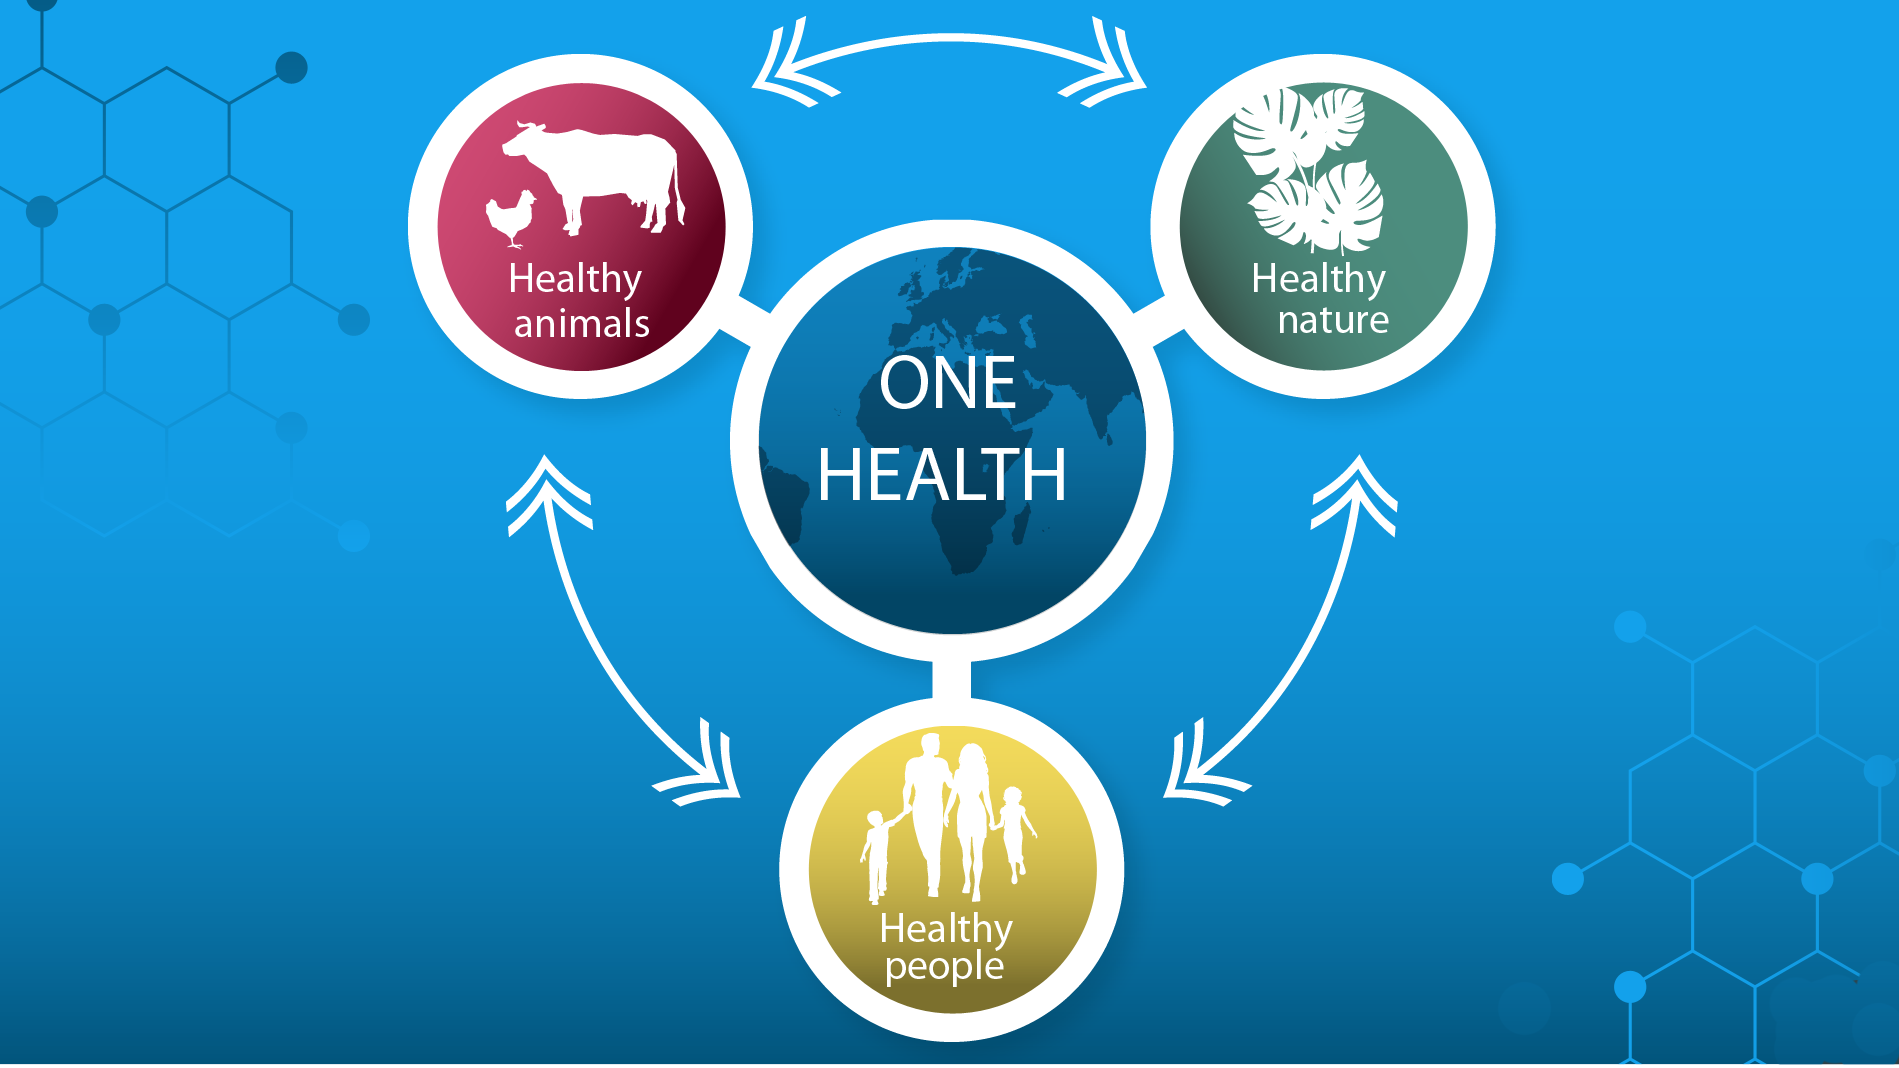 Graphic representation of the One Health approach: One Health is at the centre and there are interdependencies between human health, animal health and a healthy natural environment. 
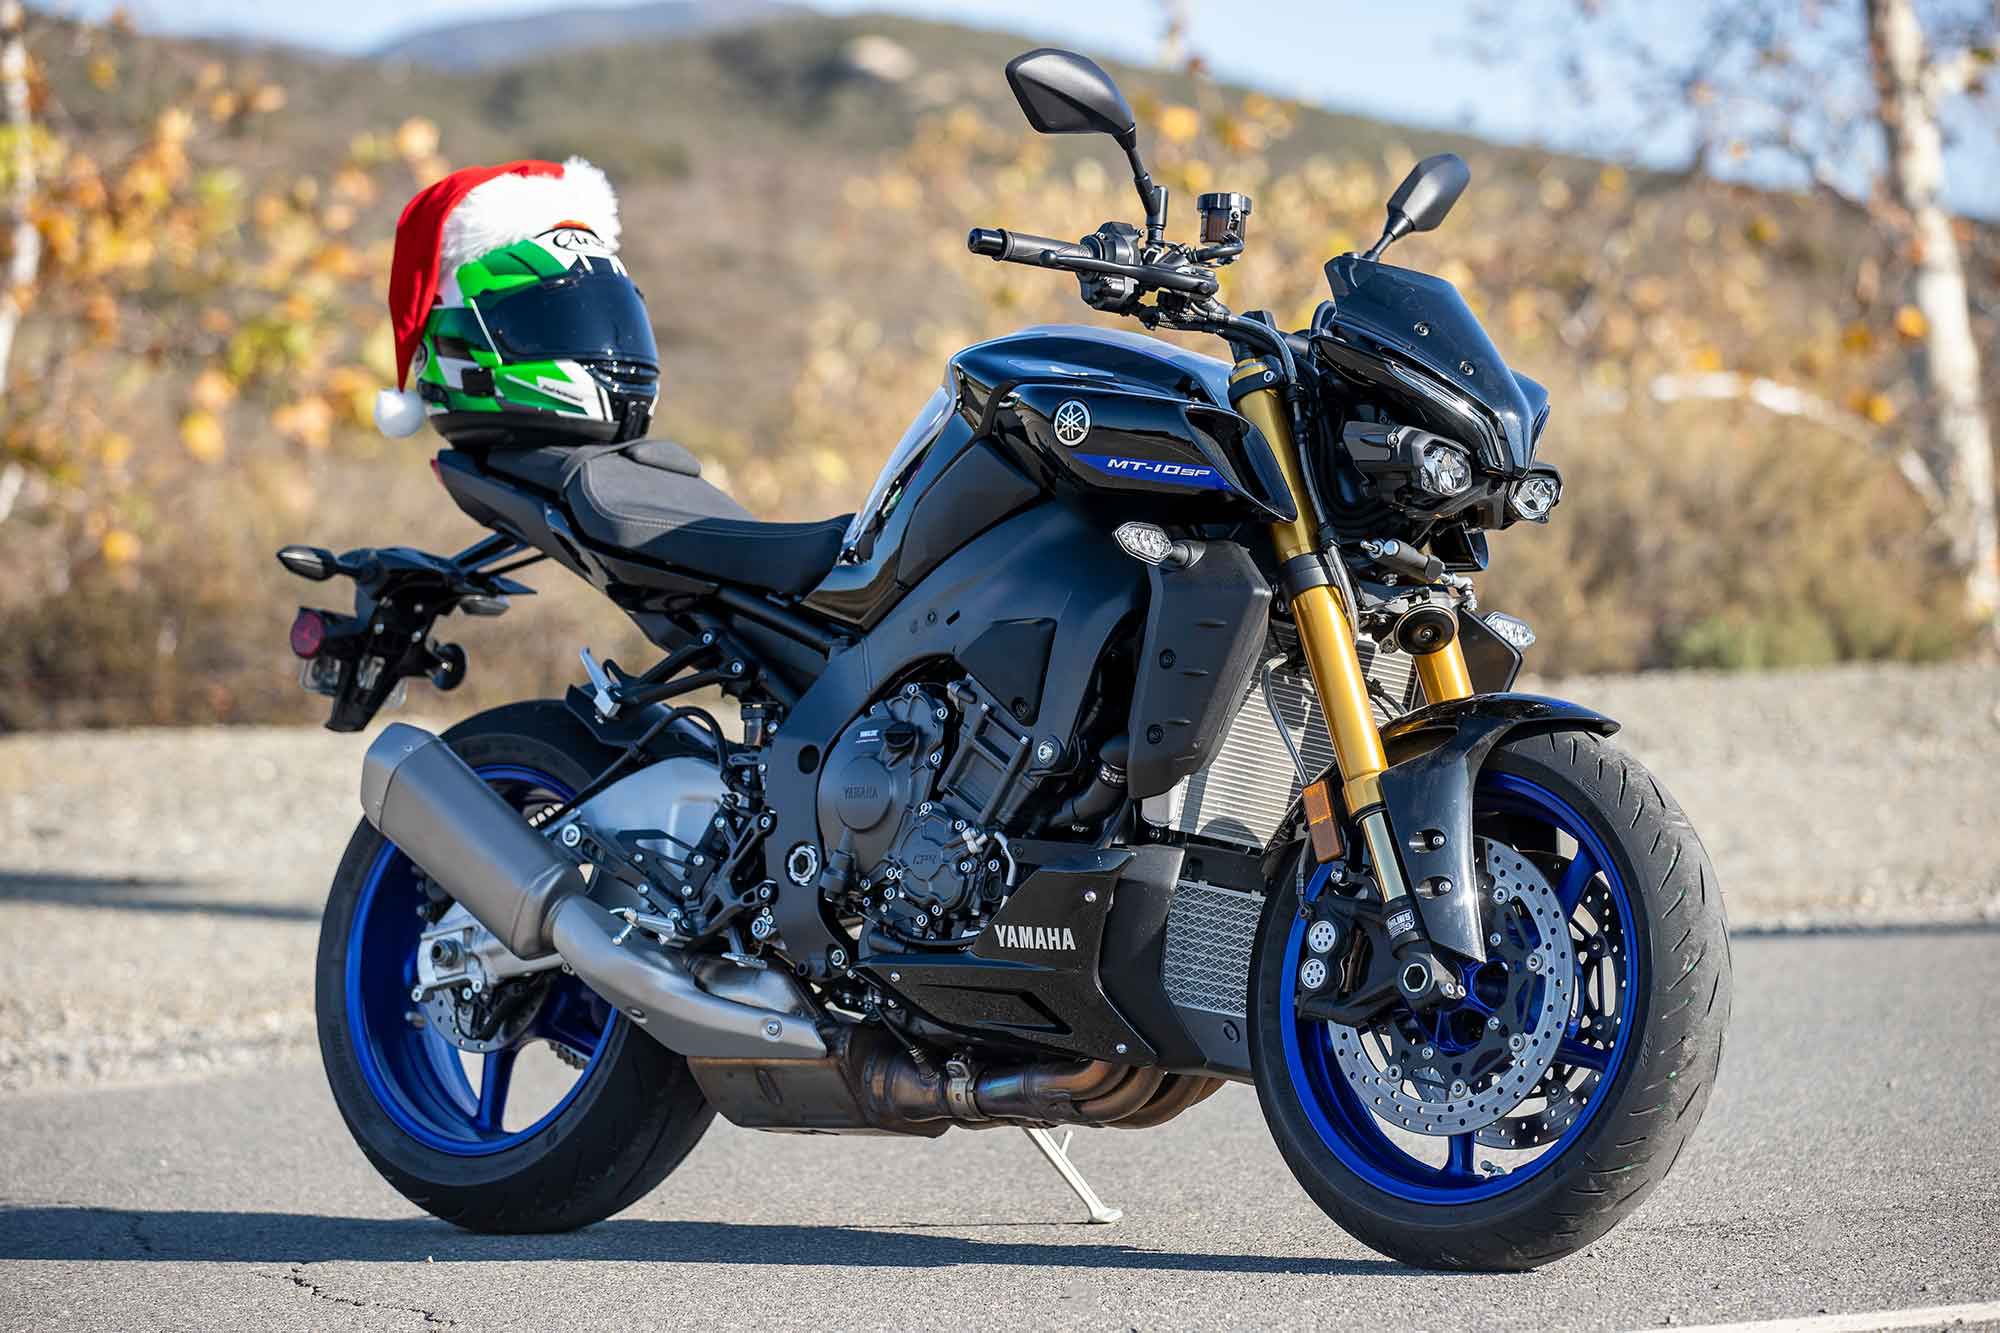 Santa valued Yamaha’s subtle styling improvements, highlighted by the painted chin fairing and polished alloy swingarm.
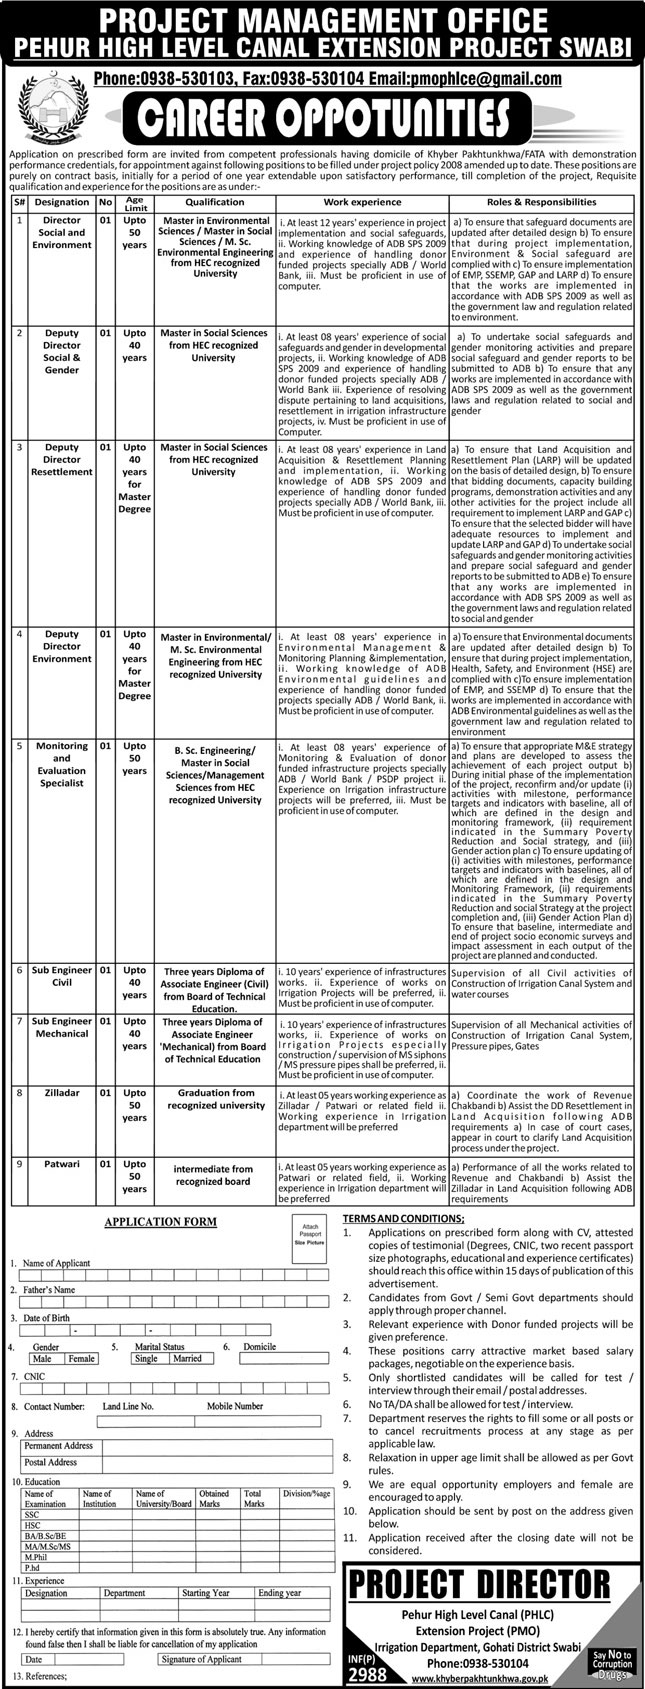 Pehur High-Level Canal Extension Project Jobs Swabi 2018

* [Work order]: Leaving the pictures behind, return every line above exactly.

* [Output of the task]:
 Graphic representation of the One Health approach: One Health is at the centre and there are interdependencies between human health, animal health and a healthy natural environment. 
 Santa valued Yamaha’s subtle styling improvements, highlighted by the painted chin fairing and polished alloy swingarm.
 Pehur High-Level Canal Extension Project Jobs Swabi 2018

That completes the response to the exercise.